Books Reviewed
A review of Who Are We? The Challenges to America's National Identity, by Samuel P. Huntington
Harvard Professor Samuel Huntington is an academic anomaly. In an arena dominated by specialized monographs, Huntington produces big thematic books, like the influential The Clash of Civilizations. In an age when many academics cling to race, class, or gender as their standard, Huntington embraces explanations based on political culture. Most tellingly, perhaps, he refers to himself without any trace of irony as a "patriot and a scholar."
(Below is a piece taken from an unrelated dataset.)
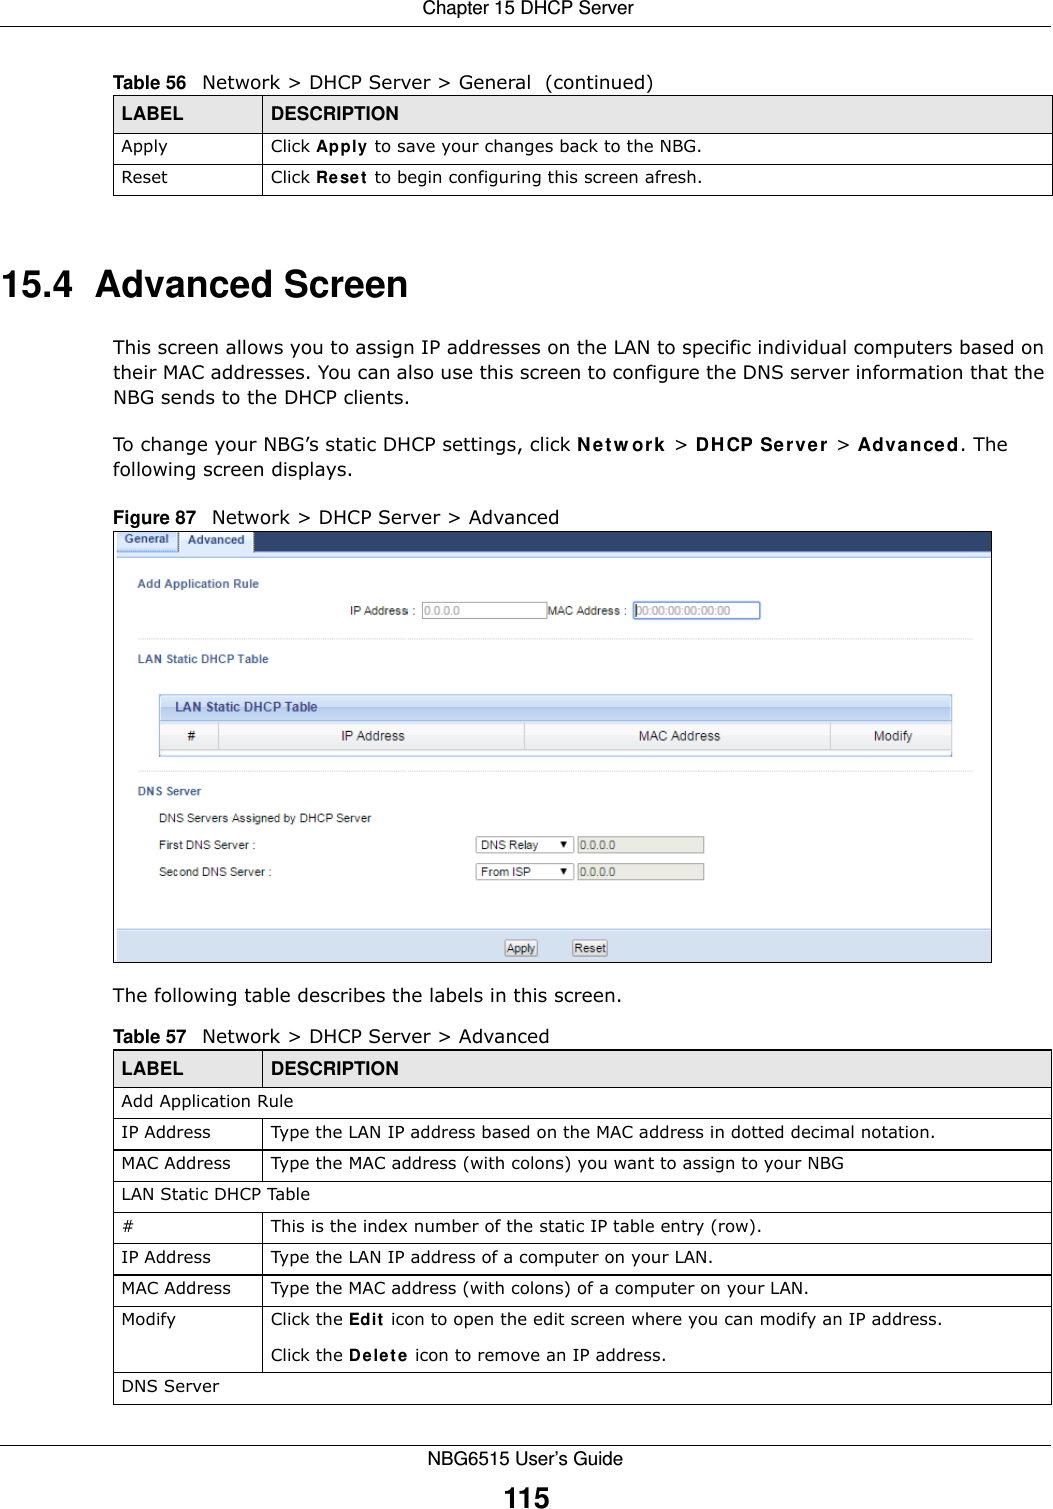  Chapter 15 DHCP ServerNBG6515 User’s Guide11515.4  Advanced Screen    This screen allows you to assign IP addresses on the LAN to specific individual computers based on their MAC addresses. You can also use this screen to configure the DNS server information that the NBG sends to the DHCP clients.To change your NBG’s static DHCP settings, click Network &gt; DHCP Server &gt; Advanced. The following screen displays.Figure 87   Network &gt; DHCP Server &gt; Advanced The following table describes the labels in this screen.Apply Click Apply to save your changes back to the NBG.Reset Click Reset to begin configuring this screen afresh.Table 56   Network &gt; DHCP Server &gt; General  (continued)LABEL DESCRIPTIONTable 57   Network &gt; DHCP Server &gt; AdvancedLABEL DESCRIPTIONAdd Application RuleIP Address Type the LAN IP address based on the MAC address in dotted decimal notation.MAC Address Type the MAC address (with colons) you want to assign to your NBGLAN Static DHCP Table# This is the index number of the static IP table entry (row).IP Address Type the LAN IP address of a computer on your LAN.MAC Address Type the MAC address (with colons) of a computer on your LAN.Modify Click the Edit icon to open the edit screen where you can modify an IP address. Click the Delete icon to remove an IP address.DNS Server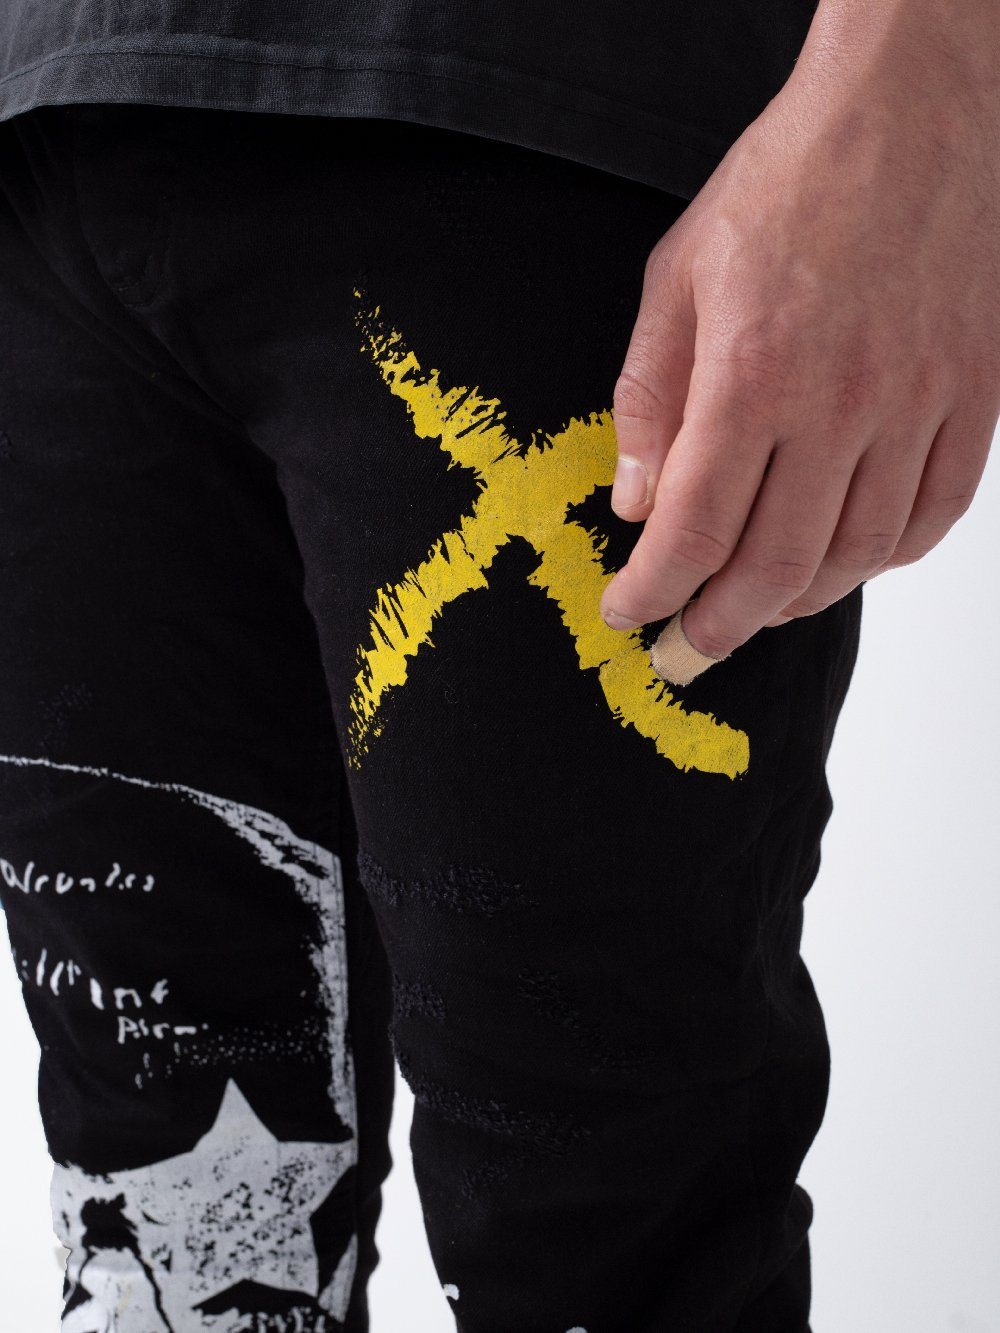 A man wearing a pair of black jeans with a yellow DEAN on them.

Huntington's newest book, Who Are We? The Challenges to America's National Identity, combines many threads from his previous writings. It is an important yet frustratingly inconsistent book, alternately insightful and vague, perceptive and simplistic. With a sweeping, broad brush, Huntington asks the fundamental question: What is an American? Are we a collection of disparate individuals who share a common geographical space, or is there an actual "American identity" that binds together our nearly 300 million citizens?
What drives Huntington to ask such questions? First, America has witnessed a massive wave of immigration, mostly from Latin America and Asia, since Congress liberalized immigration laws in 1965. As a percentage of the population, this immigration is not yet as huge as the immigration boom from 1890 to 1924, yet its effects are already apparent. Americans are often told that by the middle of this century, we will become a "majority-minority" nation where "non-Hispanic whites" will be less than 50% of the population. In just the past year, Hispanics surpassed African-Americans as a percentage of the population.
Huntington's second concern is that this wave of immigration is accompanied by trends at home that already weaken American national identity and patriotism. He sees affirmative action, legal theories of group rights, dual citizenship, bilingualism, and multiculturalism as eroding the fundamental meaning of citizenship, weakening the process of assimilation, and threatening the very core of America's identity. These trends are homegrown, the products of elite opinion and ideology.
The strongest part of Huntington's book is his discussion of the divide between what he calls the "patriotic public" and the "denationalized elite." This goes beyond the issue of immigration. It is visible in the classic "red state/ blue state" dichotomy, as well as in the clash between "unilateralism" and multilateralism in our foreign policy. Huntington even tips his hat to Ralph Nader and John Kerry on the issue of corporate "Benedict Arnolds," noting that liberal elites are not the only ones to have forsaken national identity.
Huntington's welcome defense of nationalism comes at a time when that term has become a dirty word. During the last half-century, nationalism was slandered by being equated with fascism and Nazism in Europe and xenophobia and jingoism in America. "Flag-waver" became an insult. Discussions of nationalism raised the specter of one of the cardinal sins of modern liberalism: exclusion. To define a nation was to define away others who existed outside the nation. The nation-state was thought to have been eclipsed by the global economy, multi-ethnic populations, and multilateral organizations like the United Nations and the International Court of Justice.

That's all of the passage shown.